Beer Types & Raw Materials; Sweet Work Production Flashcards
Salts dissolved in water affects the beer’s flavour, they influence the pH (acidity/alkalinity) of the process and the final product and they provide essential trace elements for yeast growth
TRUE or FALSE?
True
What is an iodine check?
A check to see if there is any unconverted starch left over in the mash.
This check must be done when the mash is cooled and by dripping iodine over the mash sample, the mash will turn a dark blue or black to indicate unconverted startch
What is amylolysis?
Term used for the breakdown of starch into sugars of varying degrees of complexity
The amylolytic stand temperature is therefore a compromise of the two optima (alpha & beta) to achieve the desired fermentability
What is the optimum temperature and pH for alpha amylase?
Will randomly attack the starch chains at an optimum temperature of 67c, and a pH of 5.2
What is the optimum temperature and pH of beta amylase?
Will attack the ends of the starch chains and an optimum temperature of 62c, and pH of 5.25
At what temperature will the mash stop attenuating?
77c
This will improve fermentability in the wort seperation system by reducing the viscosity stopping any remaining enzymatic activity which would affect wort fermentability
What is a Sacchrification stand?
Where enzymes convert starch to sugar
What is a Proteolysis stand?
Term used to describe enzyme action that breaks down proteins into simpler soluble forms, mashes with undermodified malt
Their optimum temperature ia slightly lower at 50 - 54c and a pH of 5.5
What is the optimum amount of water for mashing
Between 2.5 and 3.5 litres of water per kilogram of dry grist
In thin mashes the enzymes are more sensitive to heat and degrade quickly, because there is lower concentration of enzymes and startch, thick mashes have higher viscosity and results in slower sugar extraction, particularly in wort runoff
What is the optimum time for mashing ?
30 minutes
A longer time will not increase the yield of sugar but may make it more fermentable
What is 3 units of sugar?
Maltotriose
What is the optimum temperature for mashing?
60-65c
Low temperatures do not adversely affect the enzymes much but high temperatures inactivate enzymes including a-amaylase and b-amaylase.
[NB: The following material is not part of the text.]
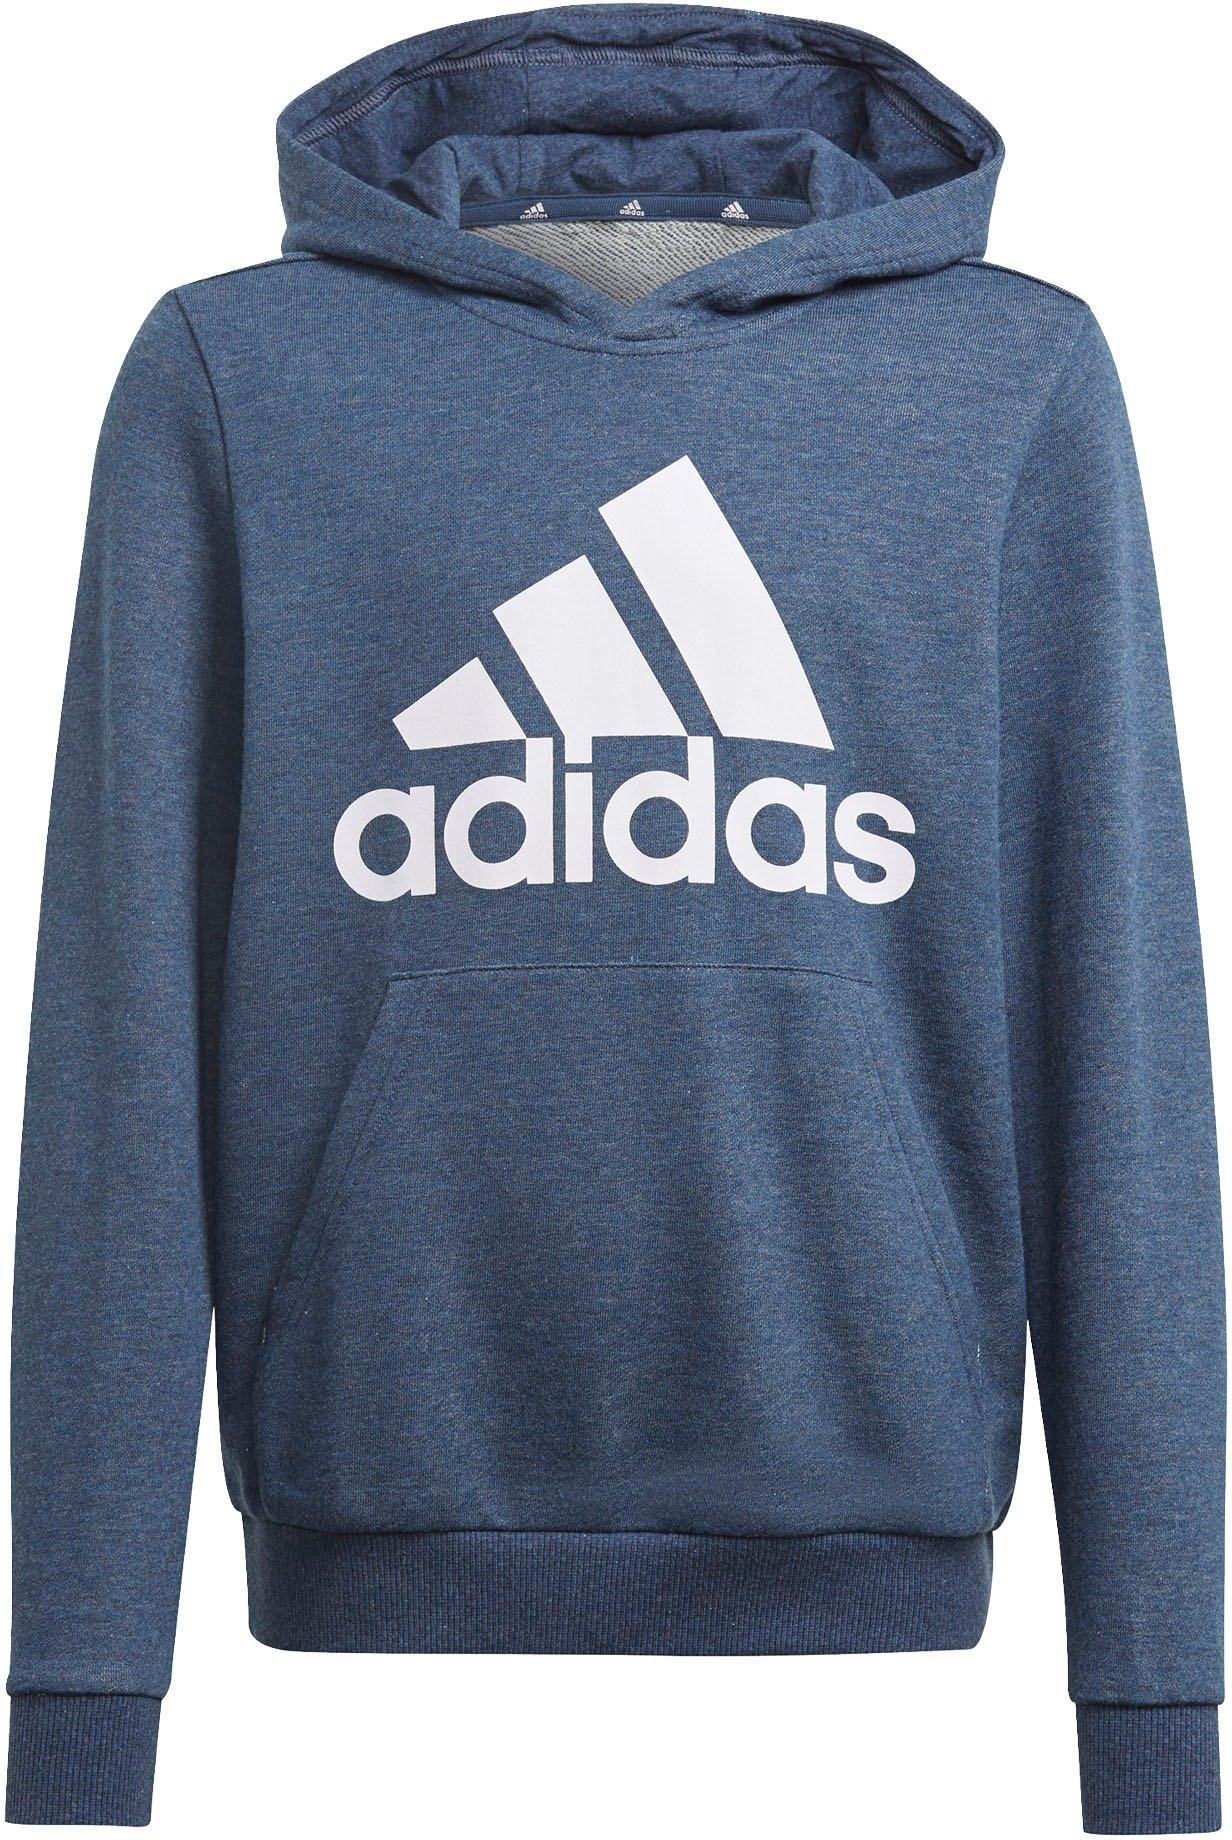 adidas Performance hoodie »ADIDAS ESSENTIALS« - verschillende betaalmethodes

The action of amylases is stopped at temperatures over 70c
What is 4 units of sugar?
Dextrin
This will not ferment
What is the optimum pH for mashing?
5.4
Acidic conditions kill the enzymes. Enzyme action is stopped if the pH is below 5.0 where if its high the enzyme action will be slow but will continue at pHs of 7 or above
What happens during germination?
Firstly, hormones stimulate the production of enzymes in the aleurone layer.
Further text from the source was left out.